Thursday, April 28, 2011

The slippery slope of the market

An interesting post on the economist deals with a phenomenon the blogger labels “Economism,” the view (expressed by another Economist blogger) that
it is normally the economist's lot to explain to the superstitious public the humanitarian benefits of bringing human life ever more within the cash nexus.
The Economism-post then goes on to discuss whether shifting our perspective of all relationships into the form of consumer-and-provider-commercial relationships is always right, or whether there are some types of relationships we want to see as different from a purely commercial, self-interested transaction.
I would agree that this is a relevant point, that there are some relationships or even some areas of life that are cheapened or altered in a bad way by transactionalizing them or seeing them too much as a quid-pro-quo transaction (even when they “at some level” have that aspect as well). My point today, however, is more whether the market as such lets loose forces that tend to move us in that direction anyway.
The idea is just that if there is some non-commercialized value generated in some arena of our lives, then even if commercializing it would reduce the “total value generated” in that arena, it would still make it possible for someone to monetize and get hold of a larger share of it.

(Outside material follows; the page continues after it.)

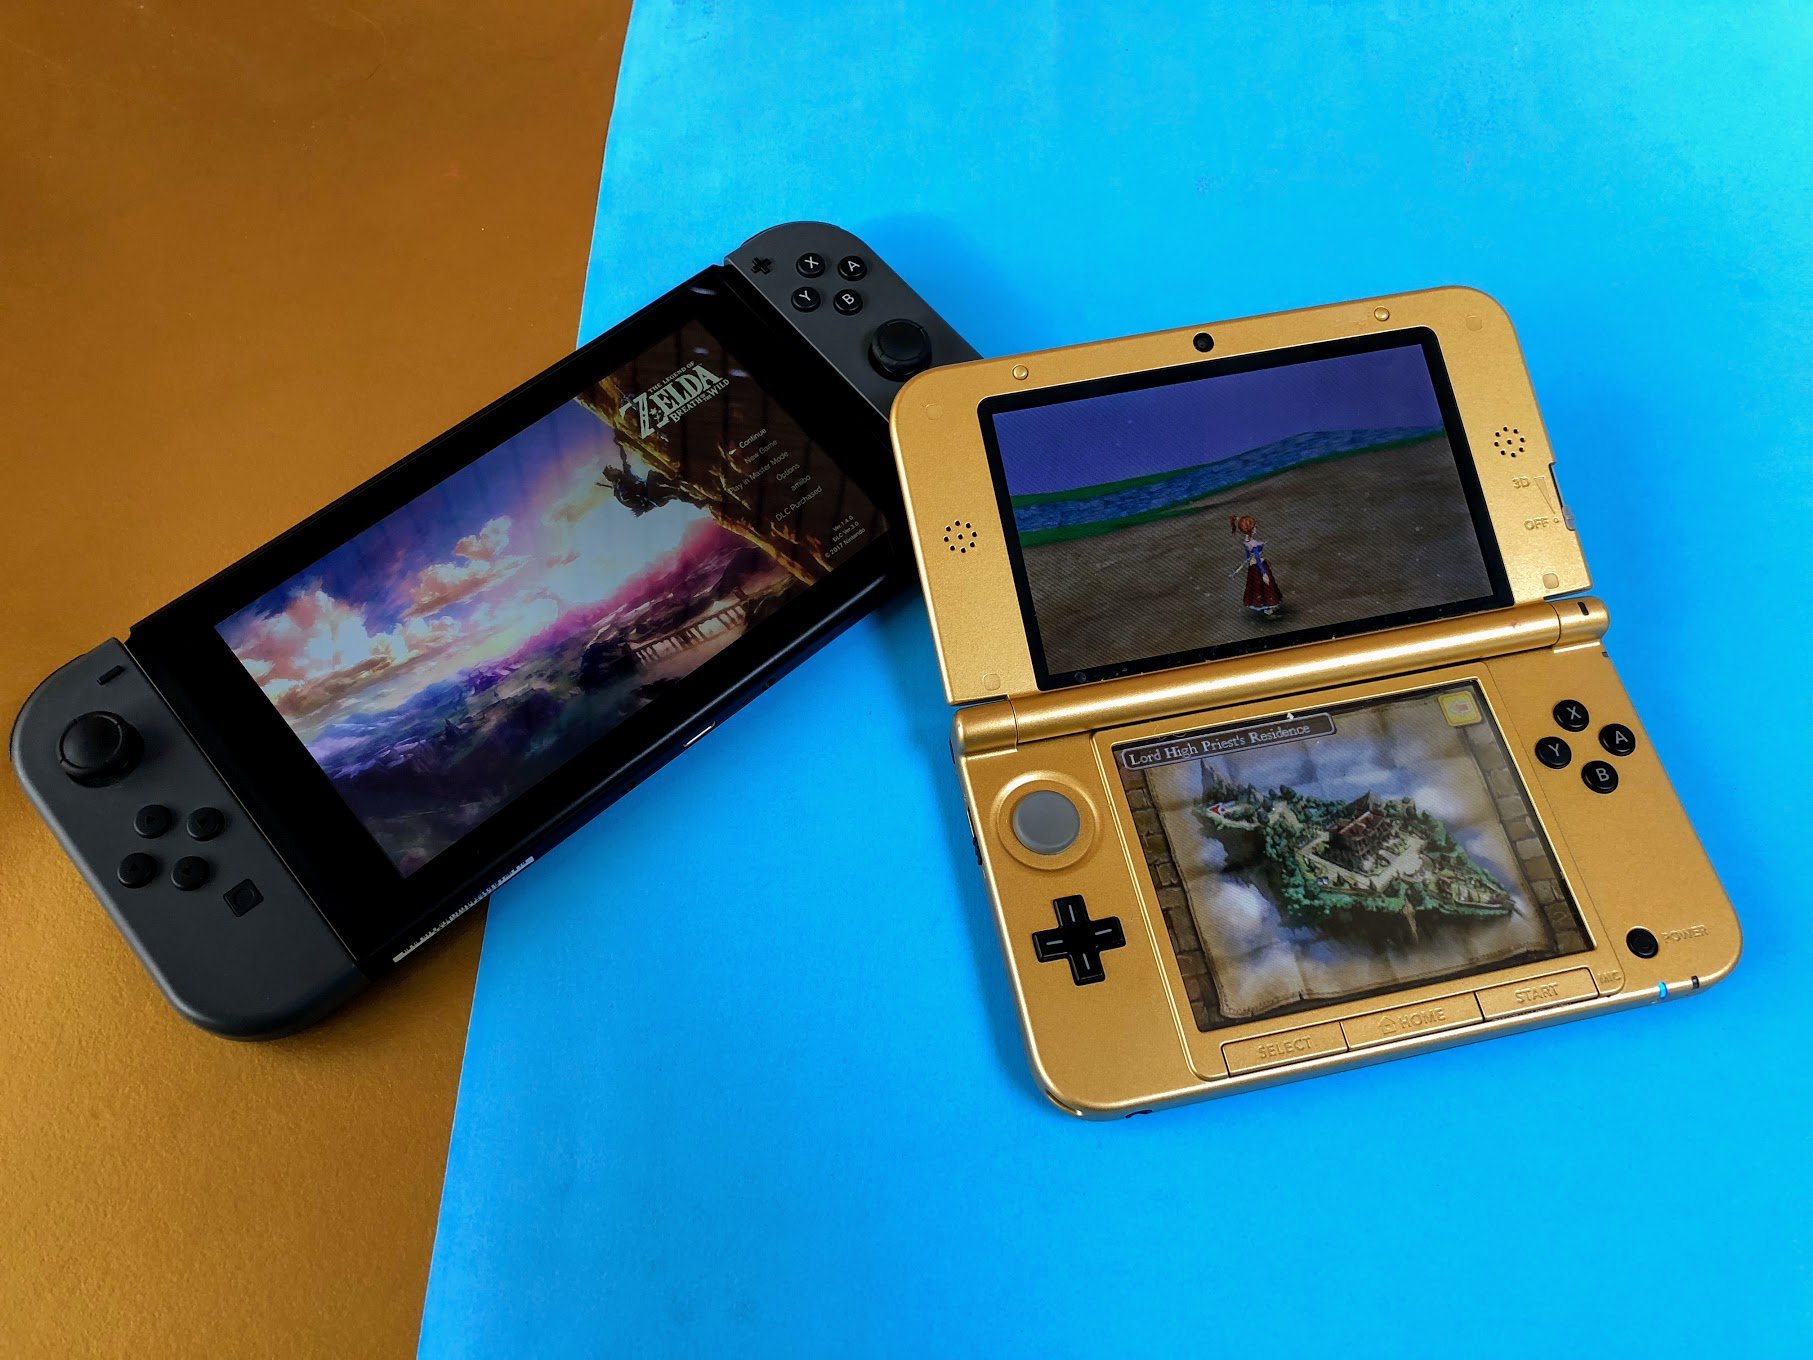 Nintendo Switch vs. Nintendo 3DS: Which should you buy? | iMore

This would be a kind of entrepenurship – establishing a new market – finding a way to frame and promote a new product or service so that people suddenly accept and engage with it in an arena that was previously non-commercial.
For instance (a non-realistic (hopefully), but clear illustration): If you found a way to make it “fun” and socially less distasteful to trade for sexual services (by bumping your phones and agreeing on a price that was then transferred between accounts), then at least part of the “value” of sex would be monetized and the service-owner could capture this through a 1%-off-the-top fee. If 20% of sex in society shifted into this domain – then even if the value of each of these sexual encounters over time became lower than before because of it, the entrepeneur would still earn a load of money.
For this mechanism to work, individuals must be myopic or tempted or in some way not foresee the effect this will have on the long term quality of the activity or good or service in question. Some unforeseen lagged effect or ignored externality must be present. But given that, any non-monetized activity or value will be an alluring “potential market” for any entrepeneur who is able to package this into a commericalized market-activity.